By Geoffrey Smith
Investing.com -- Wednesday's bounce in NMC Health (LON:NMC) looks to have been of the 'dead cat' variety.
Shares in the UAE-focused FTSE 100 member fell 9.6% in early trading in London on Thursday, back to the three-year low that they hit on Tuesday in response to an explosive new report by short-seller Muddy Waters Research.
The movement illustrates the limitations of NMC’s first response to the report, which seemed guided by the principle that enough long words taken from a quick look at a thesaurus will make the problem go away.
NMC had said on Wednesday it “will review the assertions, insinuations and accusations made in the report, which appear principally unfounded, baseless and misleading, containing many errors of fact, and will respond in detail in due course.”
It said it "understands its regulatory disclosure obligations and has nothing to add to disclosures already made. It has already responded to many of the allegations made in the report over the past 12 months."
The shares had fallen over 32% on Tuesday as Muddy Waters, owned by Carson Block, said it had “serious doubts about the company’s financial statements, including its asset values, cash balance, reported profits, and reported debt levels.”
Block drew attention to – among other things - what he considered to be serious overpayment for contractors ultimately controlled by parties related to NMC, and to a financing facility arranged by another related party, details of which the company has now removed from its website.
“We are unsure how deep the rot at NMC goes, but we do not believe that its insiders or financials can be trusted,” Block said.
NMC had had a terrific run from 2015 to 2018, capitalizing on booming demand for healthcare in a region where pockets of affluence are expanding.

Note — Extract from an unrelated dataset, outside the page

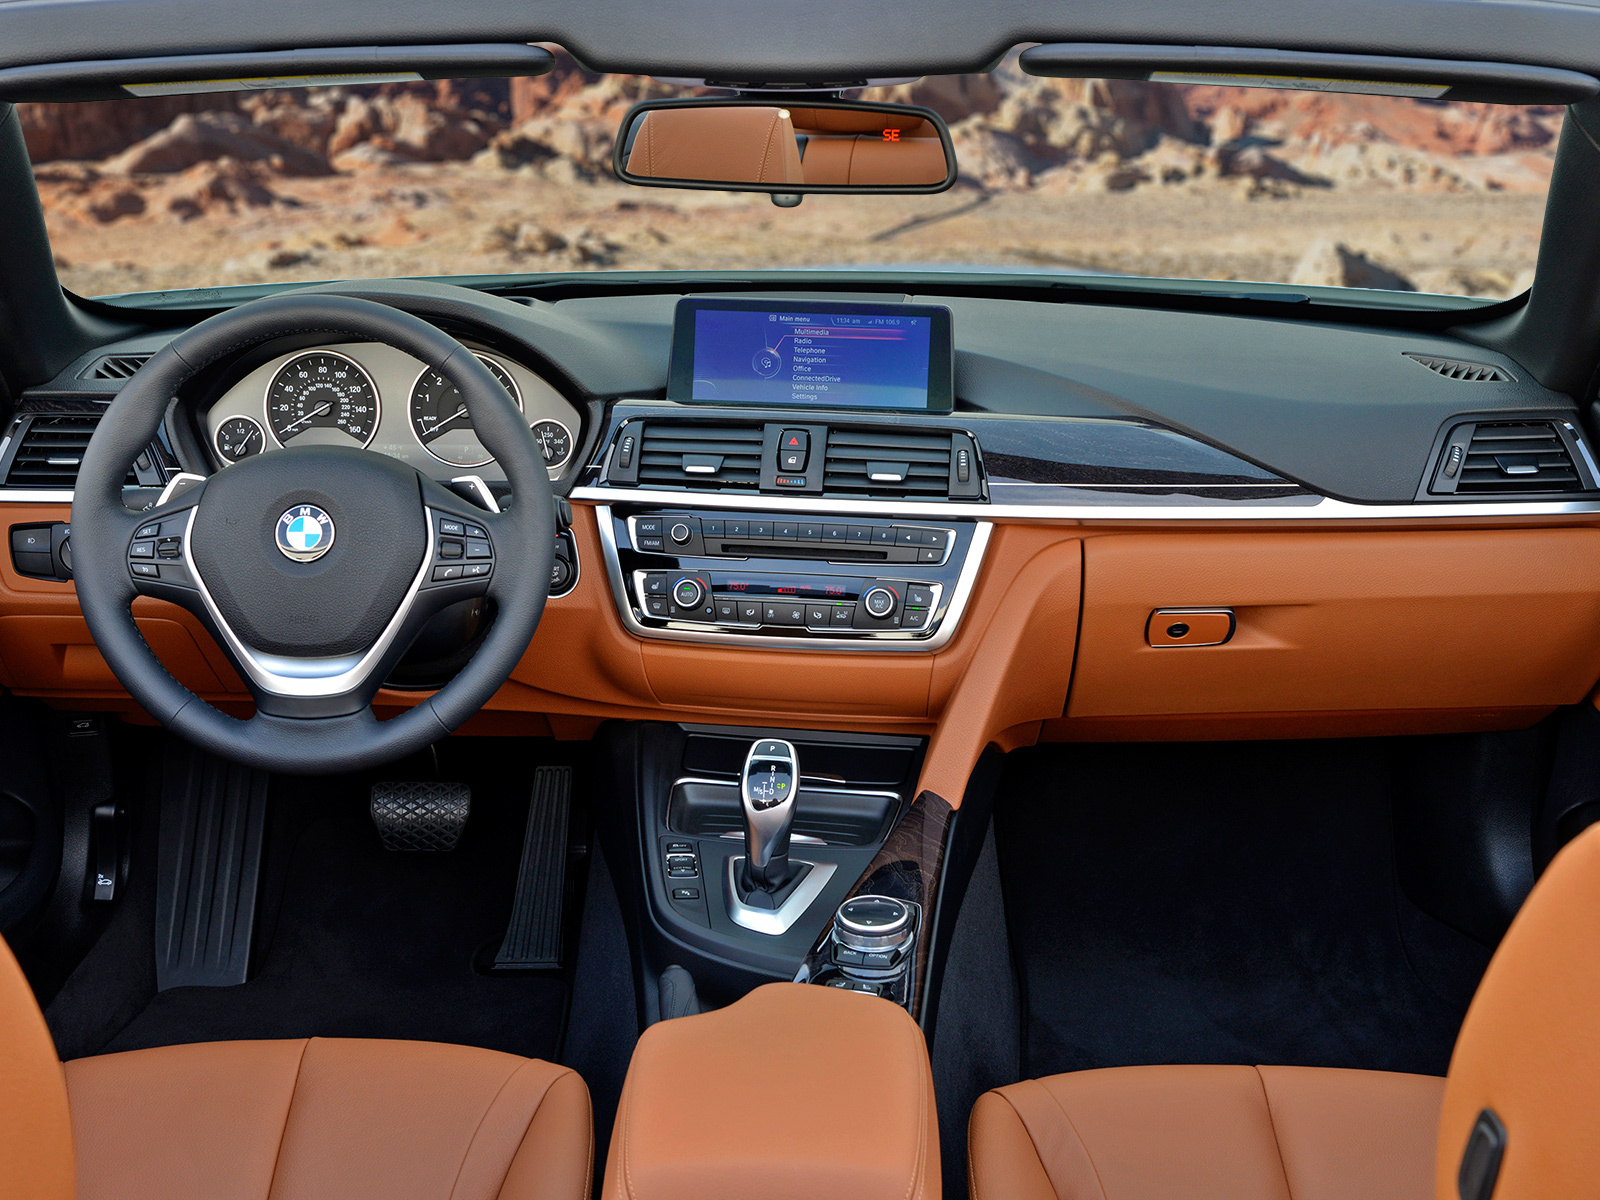     BMW 435i Convertible

However, its shares had already peaked in the middle of last year, like many emerging-market stocks that ultimately depend on a benign global backdrop.
Already in August there had been suggestions that all was not as it seemed. When it was rumored that Muddy Waters would soon announce a new short position, many guessed it would be NMC, only for the blow to fall on litigation funder Burford Capital (LON:BURF). Burford is still down 50% from its previous levels, suggesting that when Block hits you, you stay hit.
Nor was Block the first to raise questions about NMC. Jefferies analyst James Vane-Tempest has had an underweight recommendation for months. A Reuters report citing unnamed sources in August about potential Chinese interest in buying a stake held by two long-term shareholders has come to nothing, also prompting doubts as to the reliability of information coming out of the company.
As noted above, NMC’s position is that it has already answered these questions once. However, the market reaction shows that those answers clearly haven’t convinced everyone. NMC has a hard slog ahead of it.